Genotype-phenotype analysis in Fanconi anemia patients has been performed in different ways, according to the mutated Fanconi anemia gene (or complementation group), the location of the defect in the pathway, or type of pathogenic variant.^6,7  A clear example of a genotype-phenotype relationship in Fanconi anemia patients is the infantile cancer phenotype due to mutations in BRCA2/FANCD1 or PALB2/FANCN. Another correlation is the overlap between Fanconi anemia manifestations and specific sets of abnormalities (associations) such as VACTERL-H (vertebral, anal, cardiac, trachea-esophageal fistula, esophageal atresia, renal, upper limb, and hydrocephalus) and PHENOS (skin pigmentation, small head, small eyes, nervous system involvement, otology, and short stature).⁷  Within the pathway, the frequency of abnormalities is higher in patients with pathogenic variants in FANCD2 or FANCI, followed by patients with mutations in the downstream Fanconi anemia genes and least in the upstream genes. Regarding the type of variant, a higher proportion of patients with null variants have a more severe phenotype than those with hypomorphic genotypes. Beyond these countable insights, surprisingly few strong genotype-phenotype connections have emerged.

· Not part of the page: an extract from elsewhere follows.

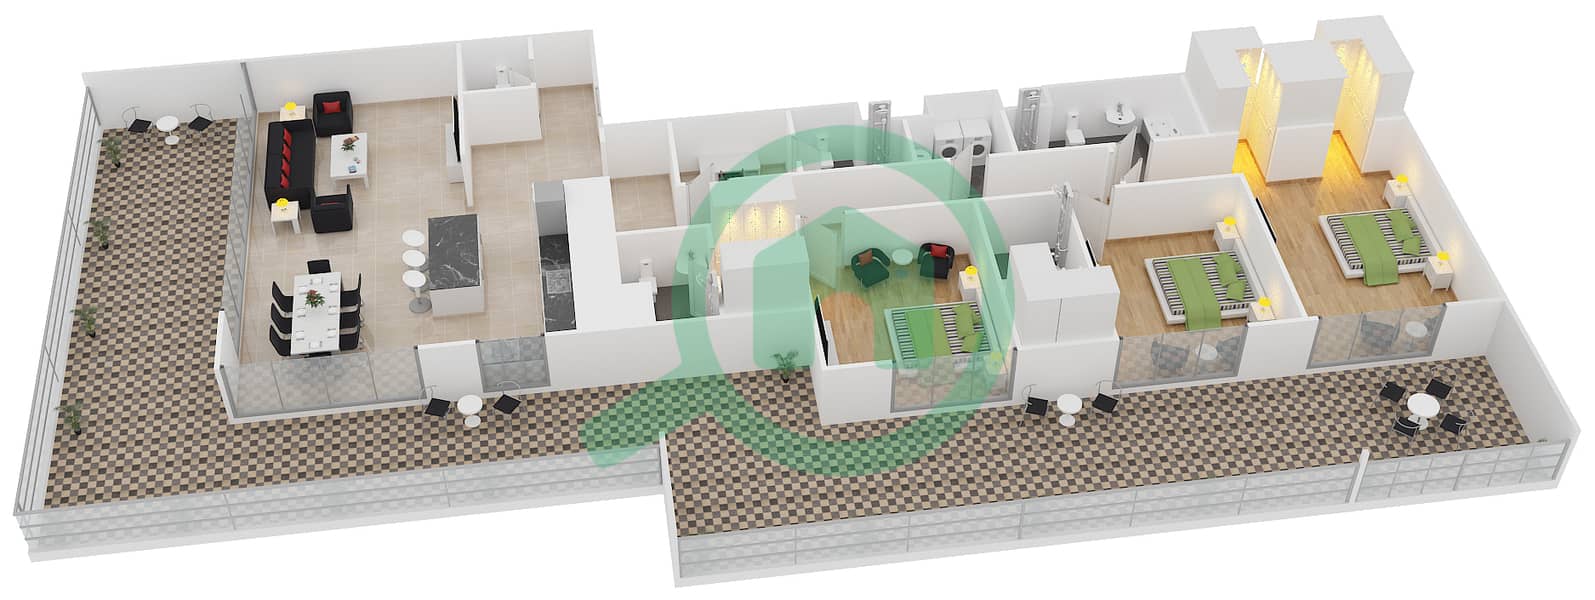 المخططات الطابقية لتصميم النموذج 13 شقة 3 غرف نوم - بلجرافيا interactive3D

Thus, more clear-cut, state-of-the-art phenotype-genotype correlations are needed urgently. Fanconi anemia patients with the FA-B subtype offer a special opportunity for this, as FANCB is the only Fanconi anemia gene on the X chromosome. Thus, in males, the consequences of a single hemizygous mutation are manifest without the influence of a second allele. Jung et al¹  report a cohort of patients from 16 families belonging to the FA-B subtype, a rare Fanconi anemia complementation group that accounts for only ∼2% of patients. The in-depth characterization of 19 patients of this subtype, who were enrolled in the International Fanconi Anemia Registry, is impressive for the number of patients and the detail and quality of the evaluation at both the clinical and molecular levels. There are several lessons that can be learned from this study. On average, FA-B patients showed more severe congenital abnormalities, an earlier onset of hematological features, and a shorter life span than other patients with Fanconi anemia (see figure). FANCB missense mutations attenuate this effect as determined by biochemical and cell-based assays for all reported variants. A high overall proportion of FA-B patients had the VACTERL-H or VACTERL-PLUS association, but these associations were less frequent in patients with FANCB missense mutations. Pathogenic mutations in FANCB are all private (no founders). Approximately one-quarter of pathogenic FANCB variants arise de novo. The variable effects of FANCB missense mutations can be demonstrated by in vitro studies. In the analyzed cohort, Jung et al¹  did not detect mosaicism in the hematopoietic system, which could complicate genotype-phenotype relationship and is observed in ∼10% to 15% of Fanconi anemia patients. Mosaicism in an FA-B patient has been reported previously due to an unstable germline FANCB duplication, proven by droplet digital polymerase chain reaction and full-length transcript PacBio sequencing.⁸  In summary, Jung et al¹ reported an exceptionally detailed evaluation of genotype-phenotype correlations. Many results obtained by examination of FA-B patients and pathogenic FANCB variants may be applied to other Fanconi anemia subgroups.

Successful genotype-phenotype correlations are needed to develop combined manifestation- and mutation-specific databases that are currently lacking for most genetic disorders. Even when these databases are generated, other topics still remain challenging. Foremost of these issues is the intricate interplay among mutation, genetic background, environmental factors, and chance events.